The action is given as:

$$ W_{12} = \int_2^1 \left[\frac{1}{2}m\frac{(\mathrm d\bf r)^2}{\mathrm dt} - \mathrm dt\, V(\mathbf r,t)\right]\tag{8.10} $$

with the variations on $$\mathbf r(t) \to \mathbf r(t) + \delta\mathbf r(t)\tag{8.5}$$ and $$ t \to t + \delta t(t),\tag{8.6}$$ such that at the endpoints $$\delta t(t_1) = \delta t_1, \qquad \delta t(t_2) = \delta t_2,\tag{8.7}$$ so that the limits of integration are not changed. Thus time is a function of the parameter time $t$ (what I assume is notational abuse). This is different from the usual approach in which $\mathbf r$ and $\dot{\mathbf r}$ are considered as independent variables and varied accordingly.

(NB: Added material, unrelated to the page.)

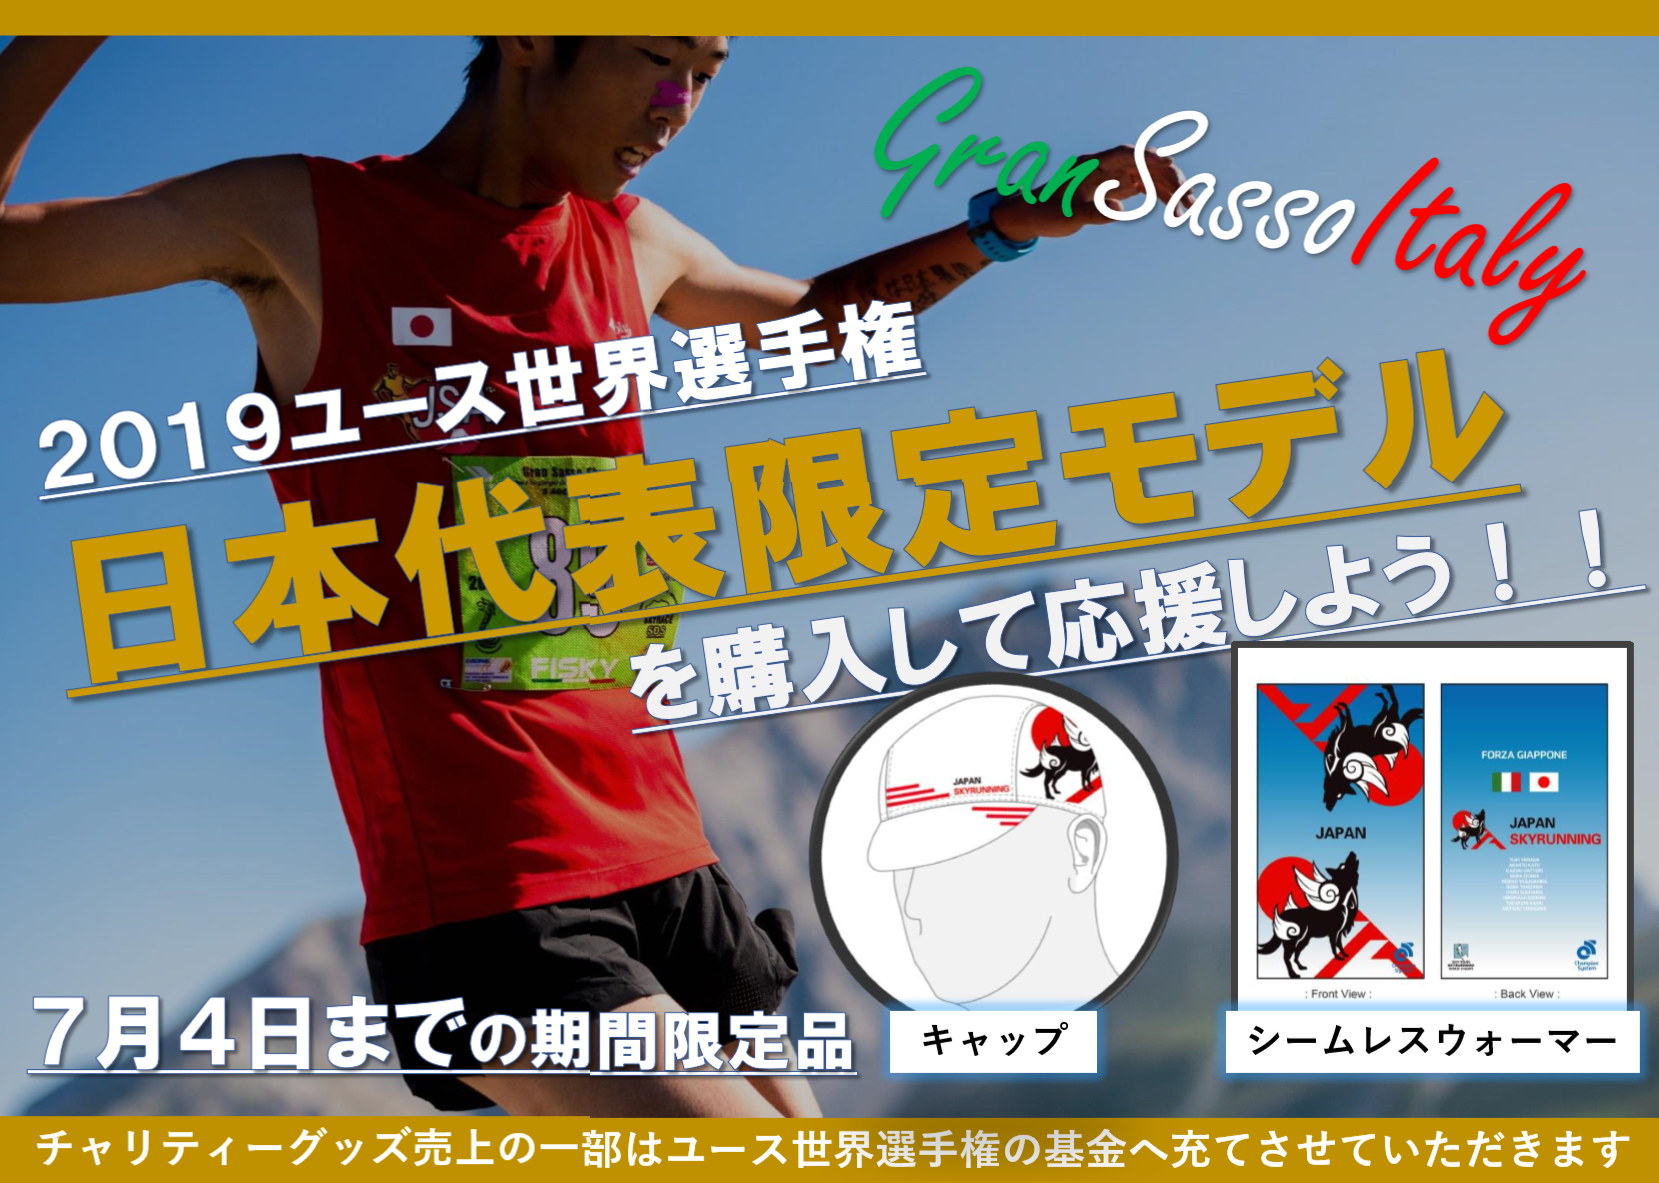 ユース世界選手権 日本代表応援グッズ 限定モデル を発売 Jsa
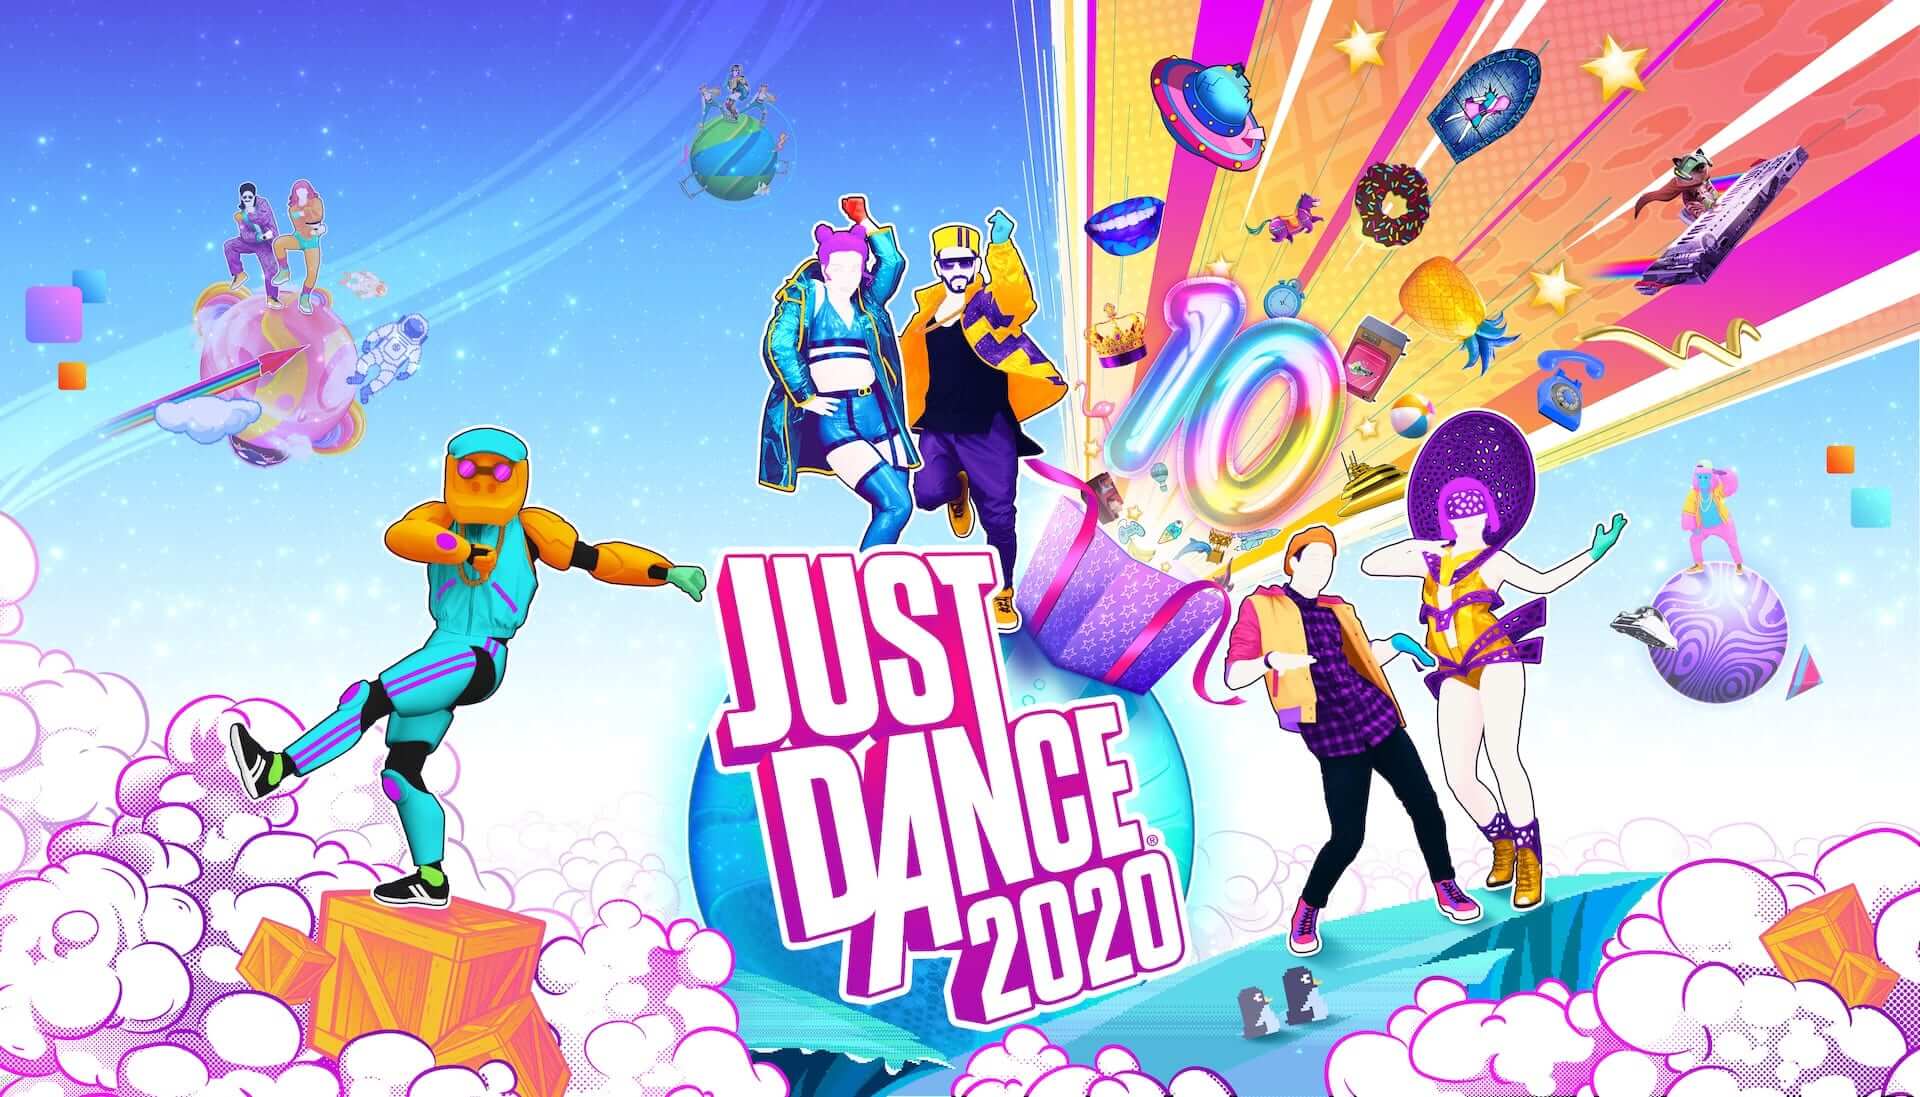 Ongewijzigd biologisch kip Just Dance 2020 is de laatste Wii-game ooit - Gamerverse

The corresponding changes in the time differential and time derivative are:

$$ \mathrm dt \to d(t+\delta t) = \left(1 + \frac{\mathrm d\delta t}{\mathrm d t}\right)\mathrm dt,\tag{8.8}$$ $$ \frac{\mathrm d}{\mathrm dt} \to \left(1 - \frac{\mathrm d \delta t}{\mathrm d t}\right)\frac{\mathrm d}{\mathrm dt}.\tag{8.9}$$

The following variation is then presented:

$$\delta W_{12} = \int^1_2 \mathrm dt\left\{m\frac{\mathrm d\bf r}{\mathrm dt}\cdot\frac{\mathrm d}{\mathrm dt}\delta\mathbf r - \delta\mathbf r \cdot \nabla V - \frac{\mathrm d\delta t}{\mathrm dt}\left[\frac{1}{2}m\left(\frac{\mathrm d\bf r}{\mathrm dt}\right)^2 + V \right] - \delta t \frac{\partial}{\partial t}V\right\}. \tag{8.11}$$

I've attempted to figure out how to derive this, but keep getting stuck at the first step itself. Here are some possibilities I considered:

  1. Start with the variation of the action defined as an integral over the Lagrangian and vary sensibly:

$$ \delta W_{12} = \delta \left(\int_2^1 L(\mathbf r, \dot{\mathbf r}, t)\right) = \int^1_2 \left[\delta L\,\mathrm dt + L\,\delta(\mathrm dt)\right] $$

  1. Treat variation as a "transformation", i.e. substitute the transformed parameters in the Lagrangian:

$$ \int_2^1 L\left[\mathbf r + \delta\mathbf r, \left(1 - \frac{\mathrm d\delta t}{\mathrm dt}\right)\frac{\mathrm d}{\mathrm dt}\left(\mathbf r + \delta\mathbf r(t)\right), t + \delta t\right]\left[1 + \frac{\mathrm d\delta t}{\mathrm dt}\right]\mathrm dt $$

  1. Consider the variation of the free particle's kinetic energy term, which leads to the following expression as I see it:

\begin{align*} \delta\left(\frac{\mathrm d\mathbf r}{\mathrm dt}\right)^2 & = 2\left(\frac{\mathrm d\mathbf r}{\mathrm dt}\right)\left[\delta\left(\frac{\mathrm d}{\mathrm dt}\right)\mathbf r + \frac{\mathrm d}{\mathrm dt}\delta\mathbf r\right] \\ & = 2\left(\frac{\mathrm d\mathbf r}{\mathrm dt}\right)\left[\left(1-\frac{\mathrm d\delta t}{\mathrm dt}\right)\frac{\mathrm d\mathbf r}{\mathrm dt} + \frac{\mathrm d}{\mathrm dt}\delta\mathbf r\right] \end{align*}

After the usual Taylor expansion up to first order, I can't see any of these leading to the variation given in the book. Which method, if any, is correct? I'm also not particularly sure if 3. is correct.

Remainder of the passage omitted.